_Exercise goal:_ Write every line below out again exactly, images omitted.

_Source material:_
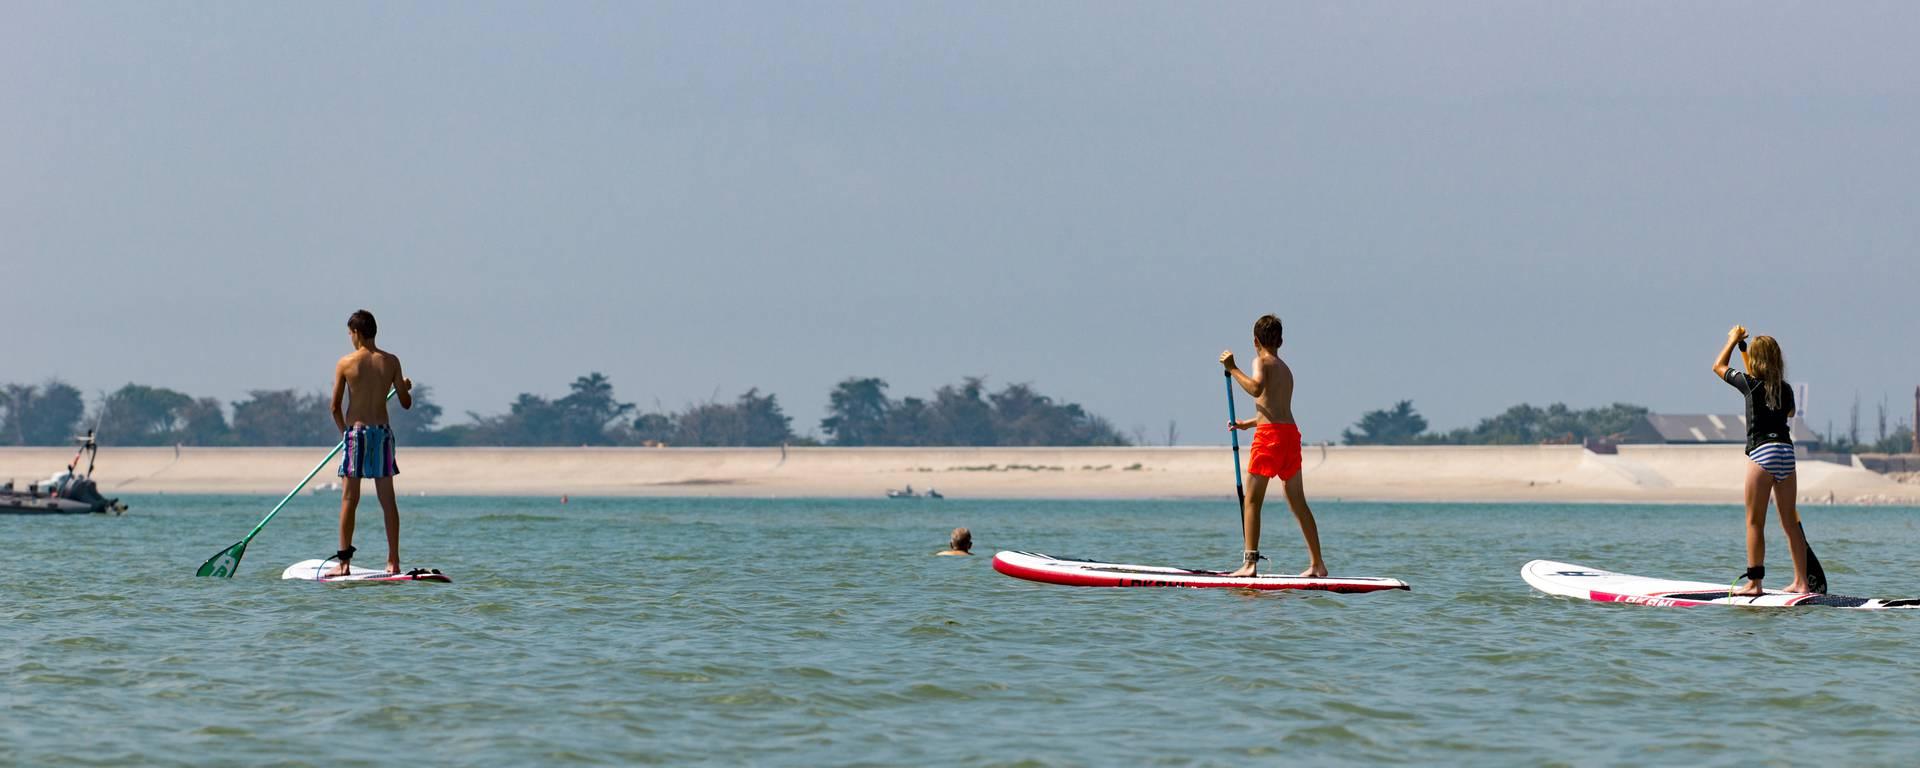 paddle by Yann Werdefroy
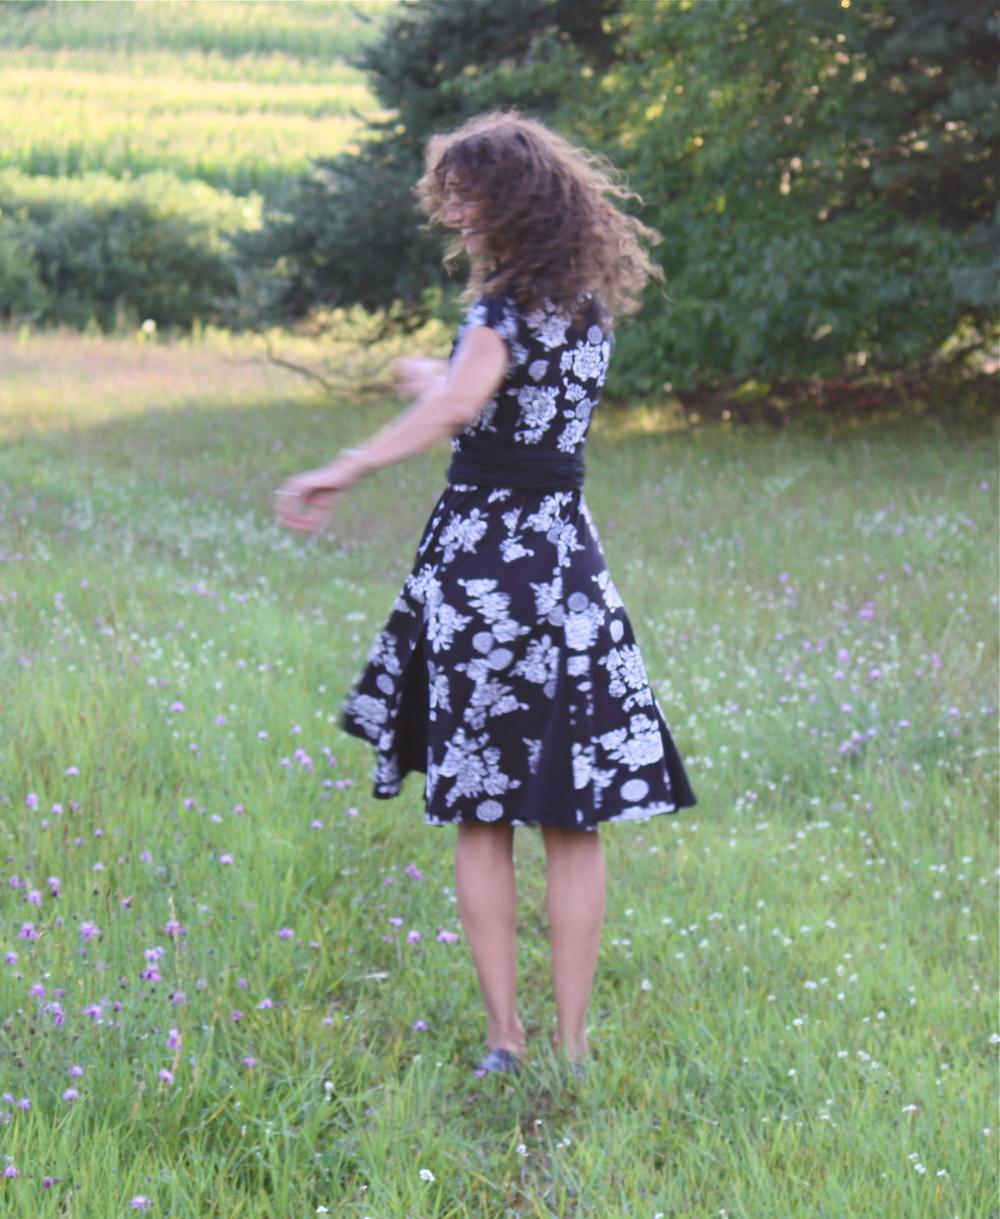 No, I do not think I am too old to twirl in a field of wildflowers.
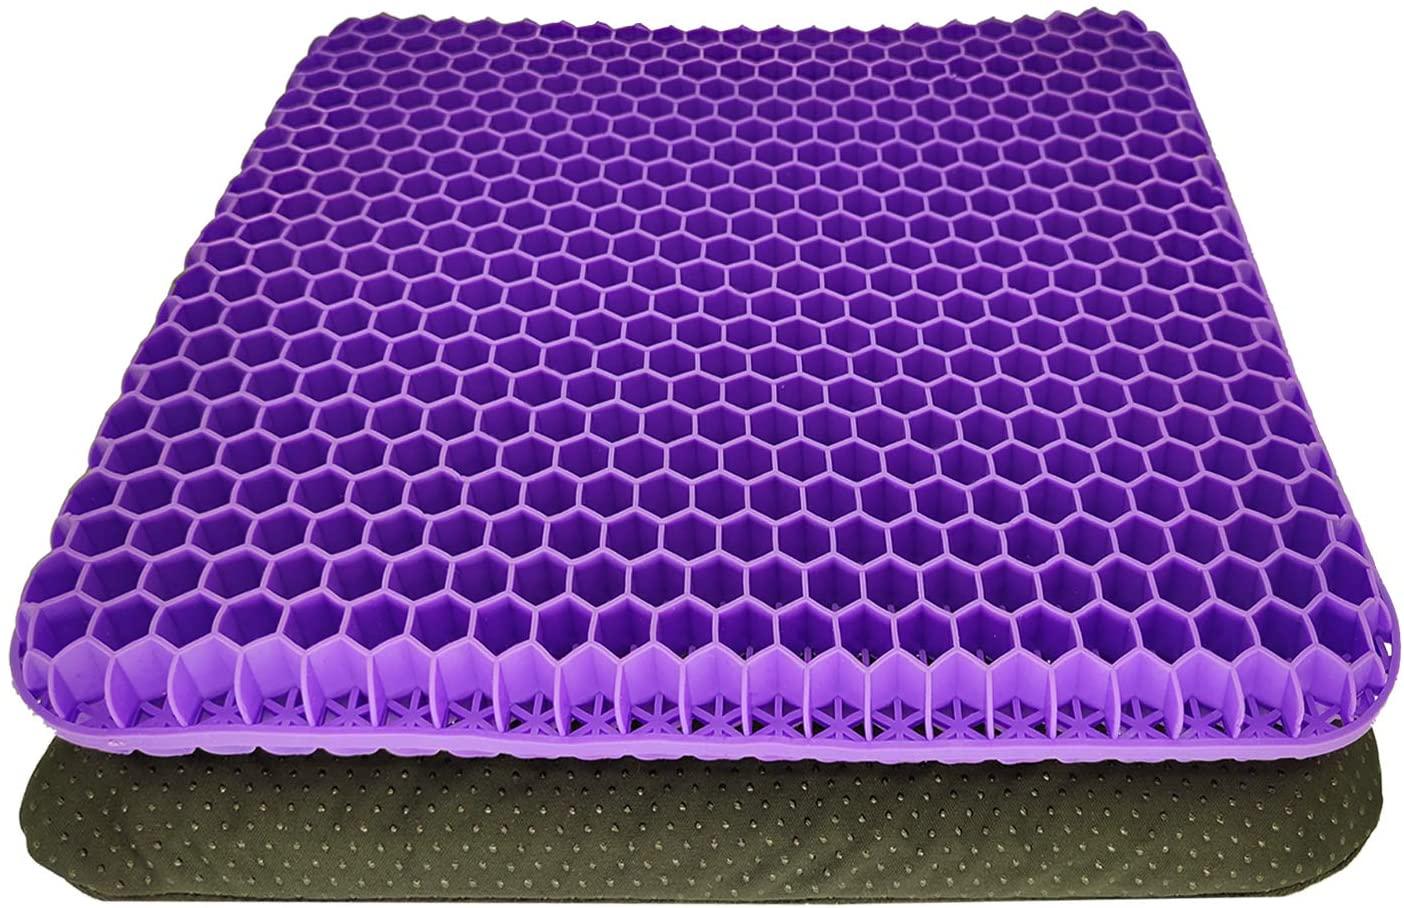 Gel seat Cushion,Enhanced Double-Layer Non-Slip Cushion, Purple seat Cushion, Help in Relieving Back Pain & Sciatica Pain,Seat Cushion for The Car,Office,Wheelchair&Chair.Breathable,Durable,Portable
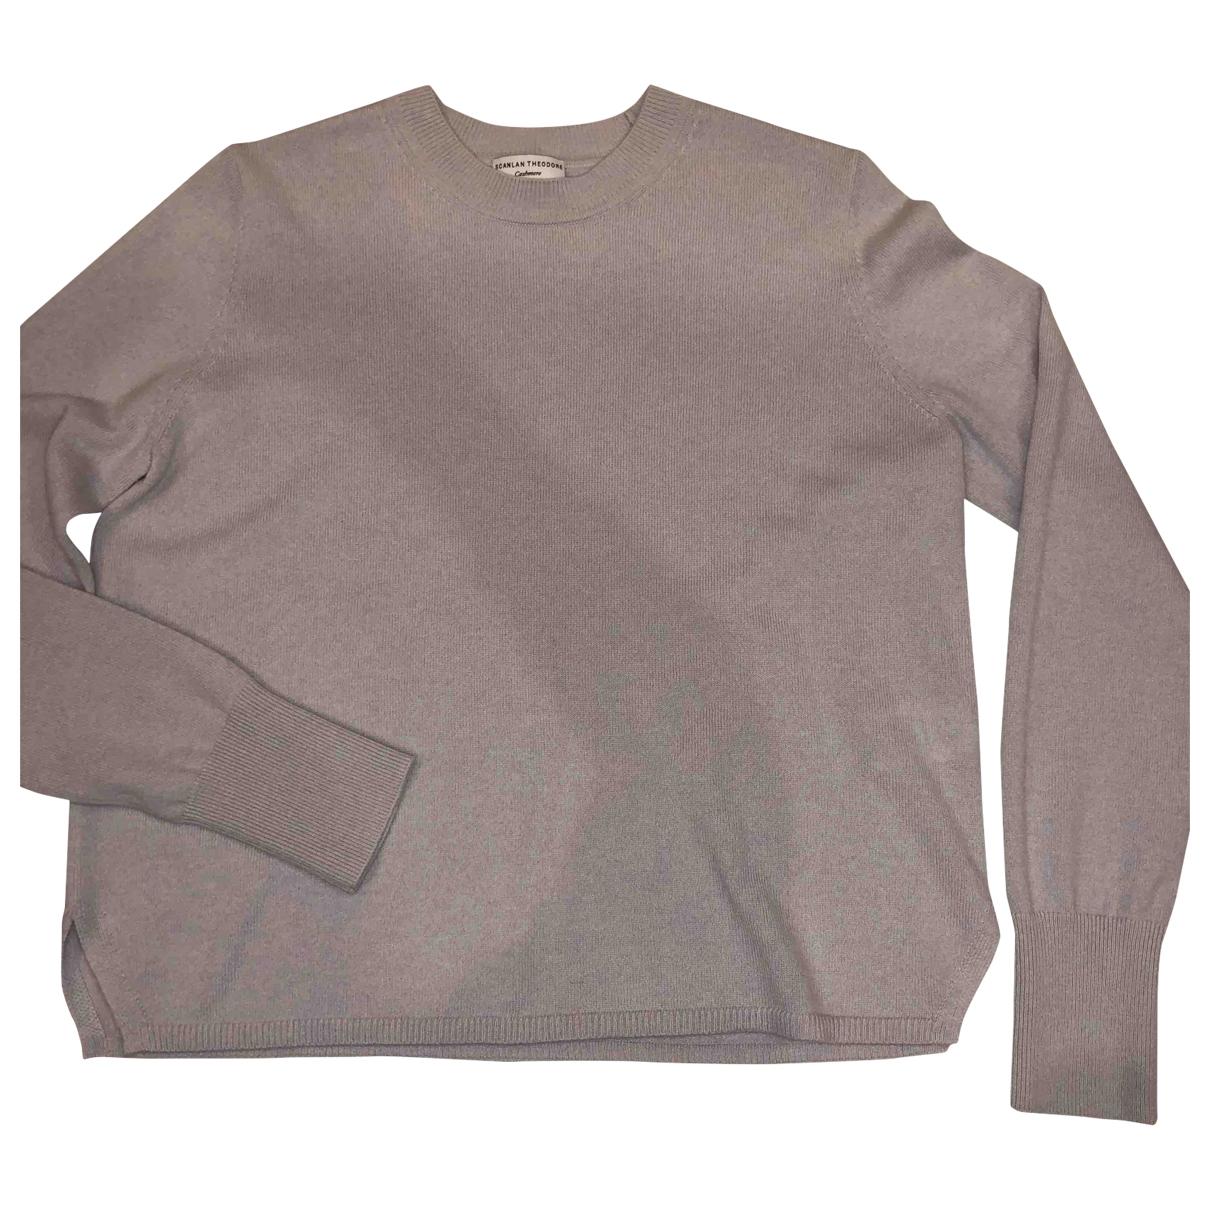 Scanlan & Theodore \N Grey Cashmere Knitwear for Women M International

_Solved exercise:_
 paddle by Yann Werdefroy
 No, I do not think I am too old to twirl in a field of wildflowers.
 Gel seat Cushion,Enhanced Double-Layer Non-Slip Cushion, Purple seat Cushion, Help in Relieving Back Pain & Sciatica Pain,Seat Cushion for The Car,Office,Wheelchair&Chair.Breathable,Durable,Portable
 Scanlan & Theodore \N Grey Cashmere Knitwear for Women M International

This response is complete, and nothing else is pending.